One such option is polarbackup. You pay once and the cloud storage is yours forever.
Do you think it's better than a subscription service. Polarbackup operates on aws, so speed should not be an issue .

@whitestar_999 @Vyom

Edit Question - Polar Backup Reviews?

Seems like polarbackup has got some nasty reviews


----------



## Desmond (Apr 17, 2020)

Do you have link?

AWS charges monthly for storage, I wonder how do they pay for the storage if they charge only once?

Perhaps the cost is pretty huge.

Sent from my GM1911 using Tapatalk


----------



## Nerevarine (Apr 17, 2020)

*www.polarbackup.com/techradar-special/
According to the anandtech forum post, polarbackup is pretty shady

Still 80 usd for 5 tb..


----------



## Vyom (Apr 17, 2020)

It all depends on what is the cost for your personal data to you.
I for one, can never trust a new company with my personal data.

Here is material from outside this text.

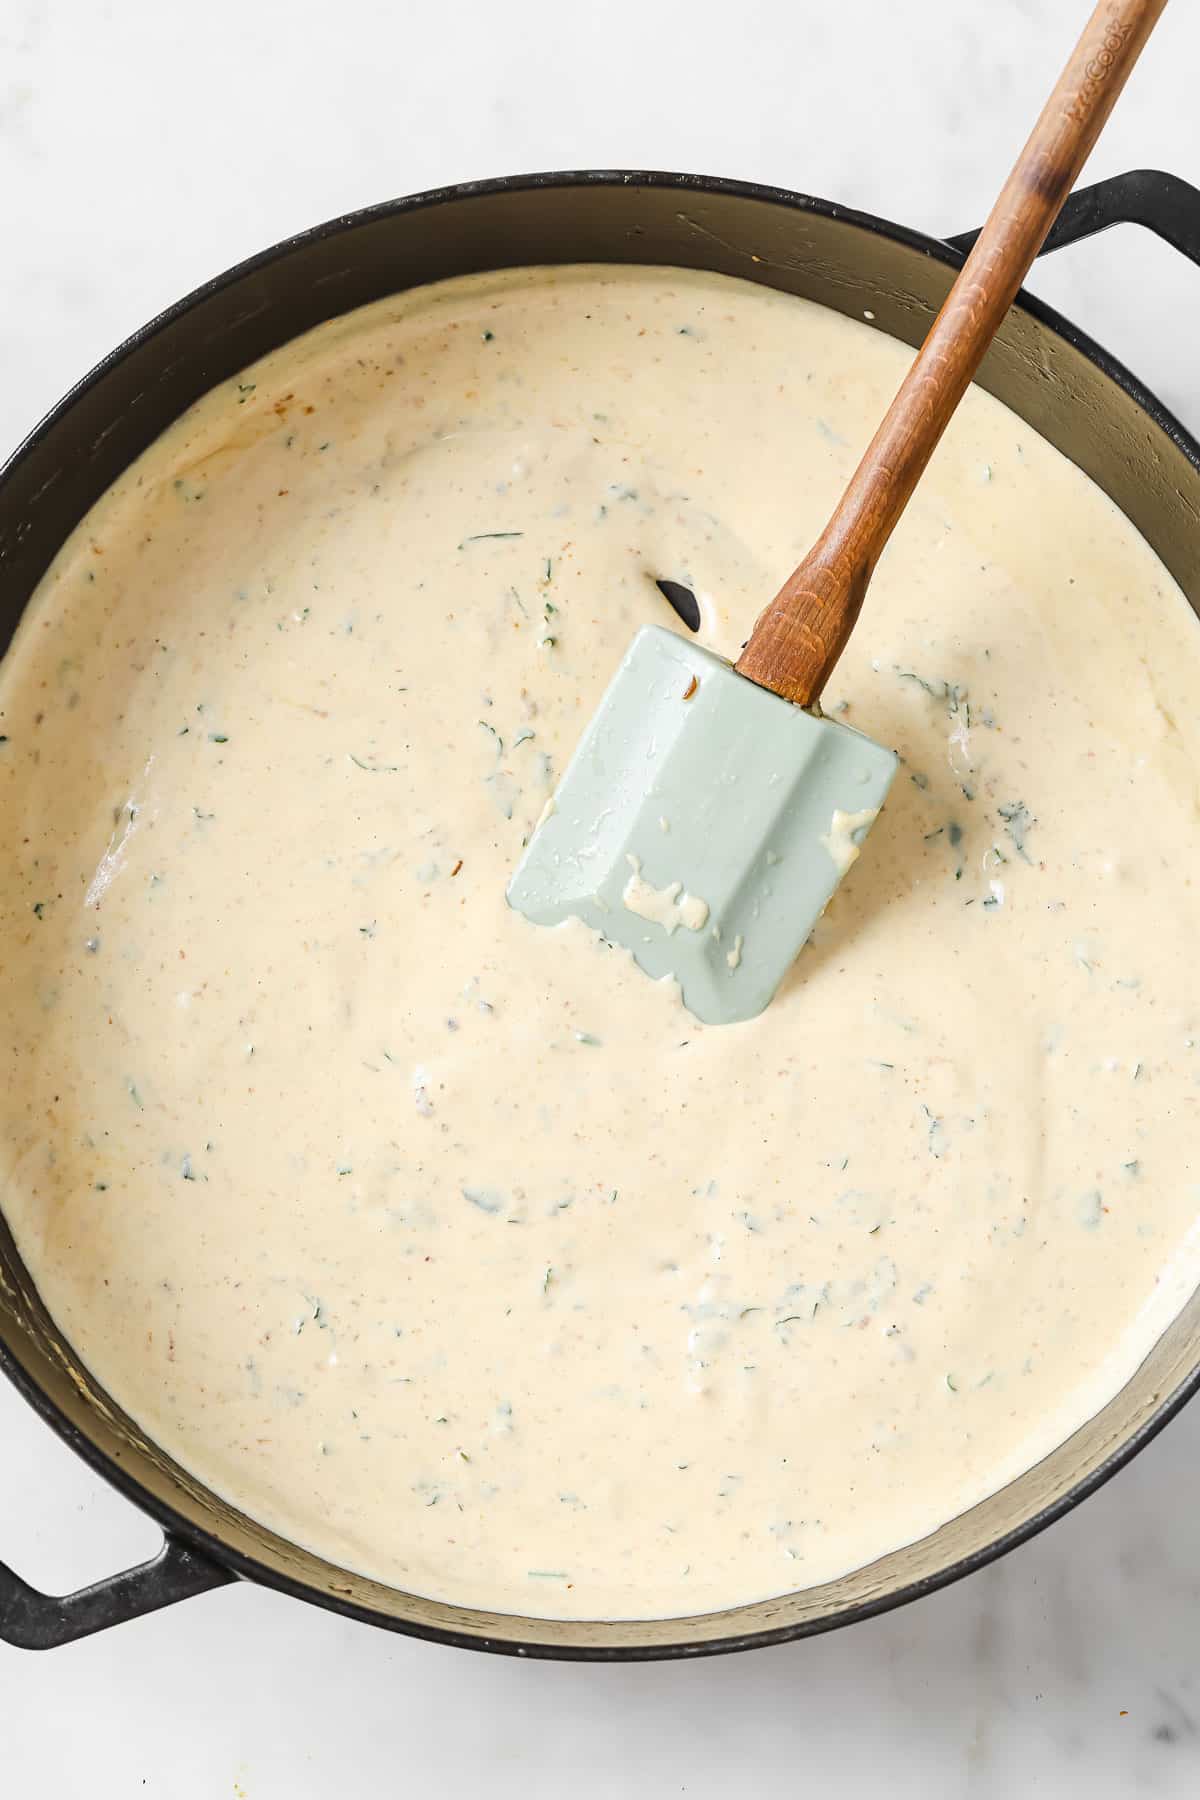 a cast iron skillet with a rich creamy base for gravy cooking.
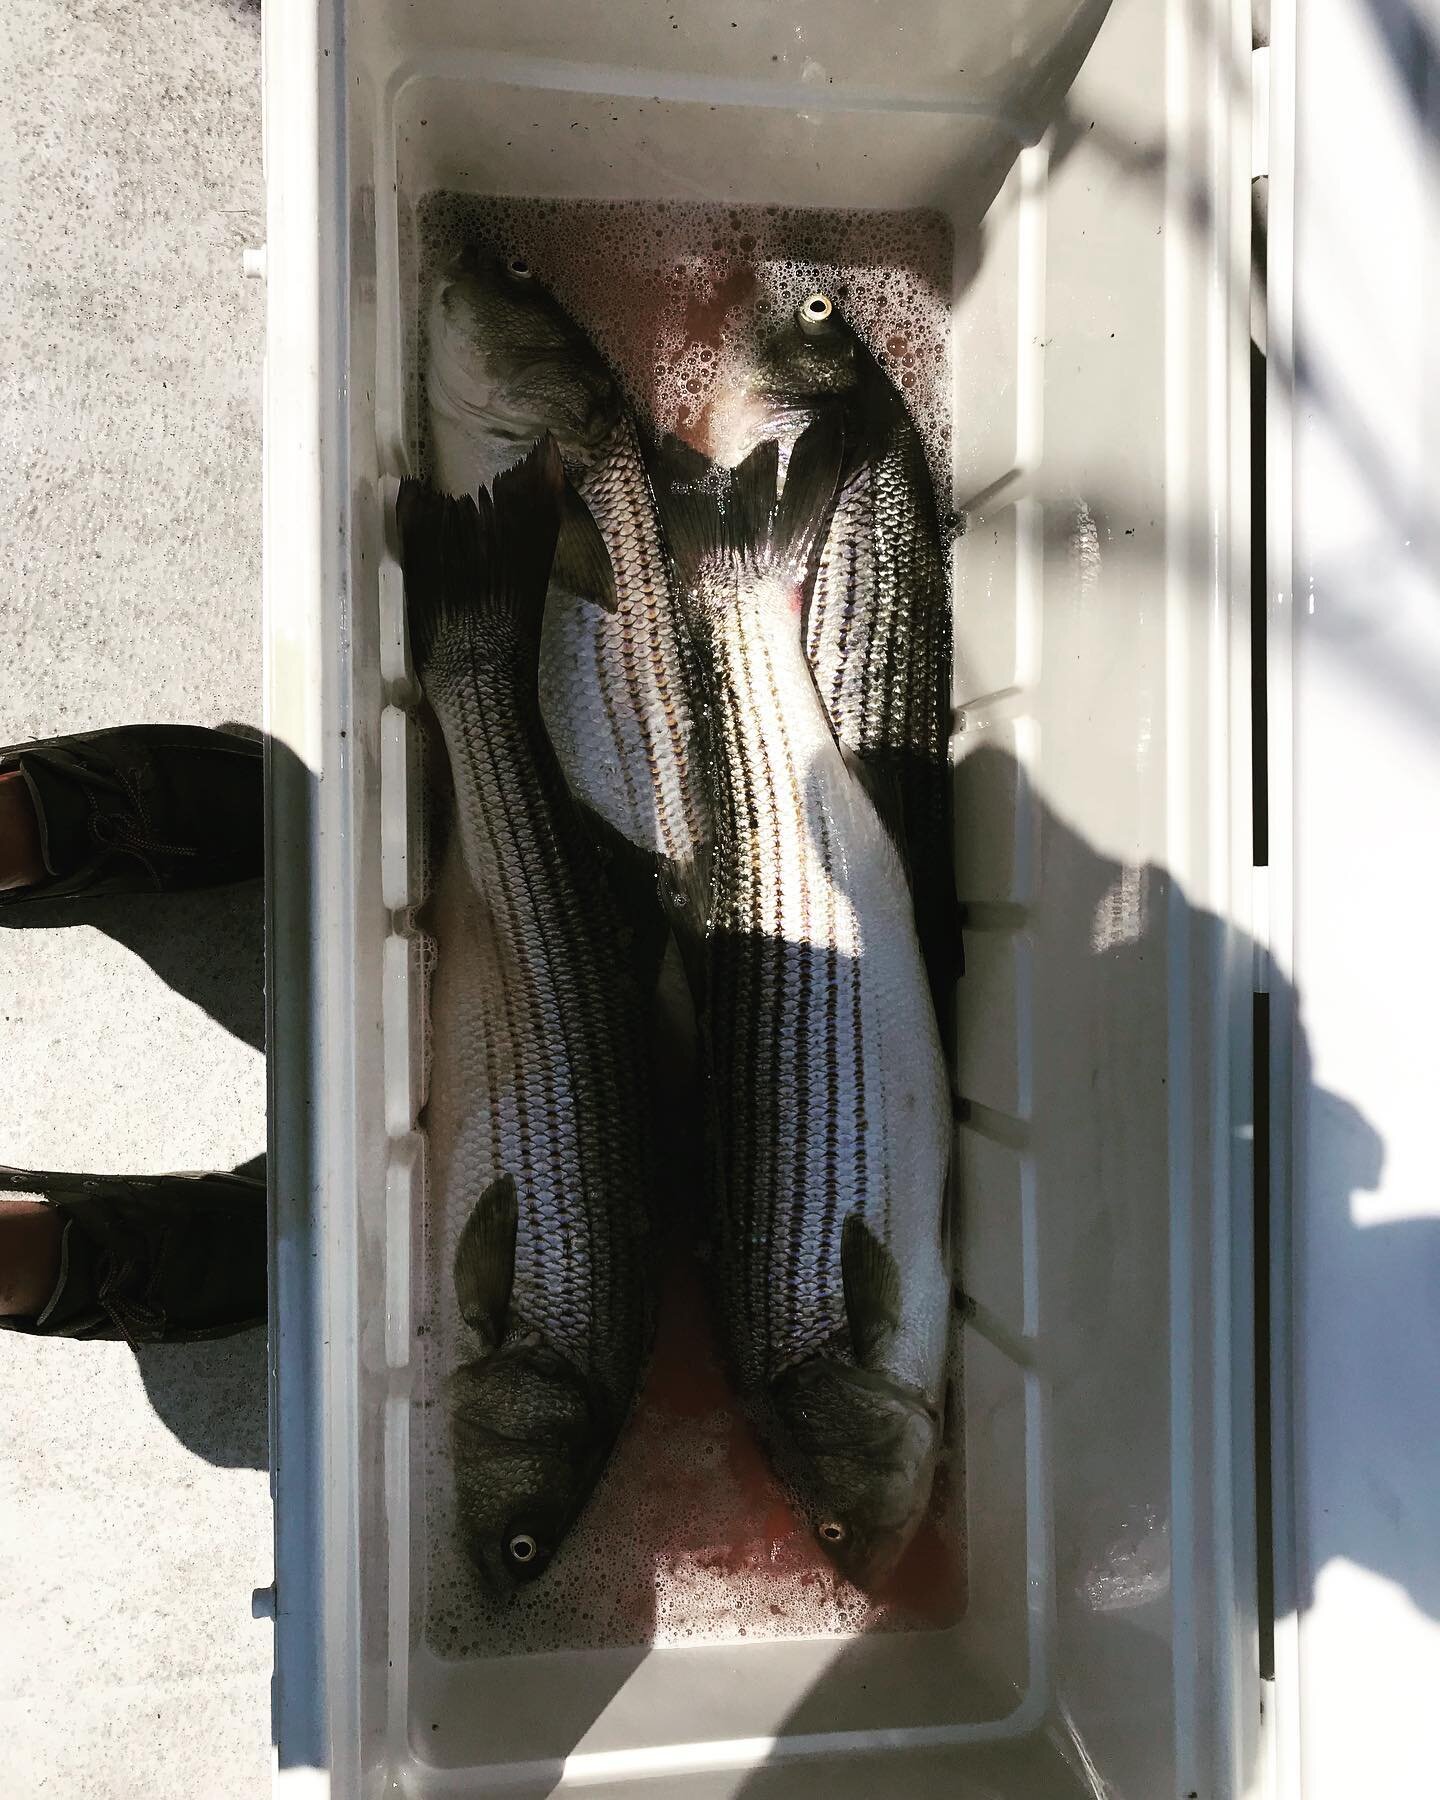 Maxed out on Bass this morning along with releasing several other keepers

Especially when the offer is just too good to be true.
As the reviews mentioned, they probably are using AWS cold storage which is very cheap but very inconvenient if you want to retrieve the data.
I just can't put my trust in them for life critical data.


----------



## whitestar_999 (Apr 17, 2020)

I suggest microsoft one drive 6TB office 365 pack for ~3400/year in amazon oct sale, you won't find anything better than this especially if you can afford it.


----------



## Zangetsu (Apr 17, 2020)

OP should try MS One drive and login with same account in both computers. The file will be synced in both computers.

other alternatives are Gdrive, Dropbox etc.


----------



## TigerKing (May 18, 2020)

try
*www.multcloud.com/


----------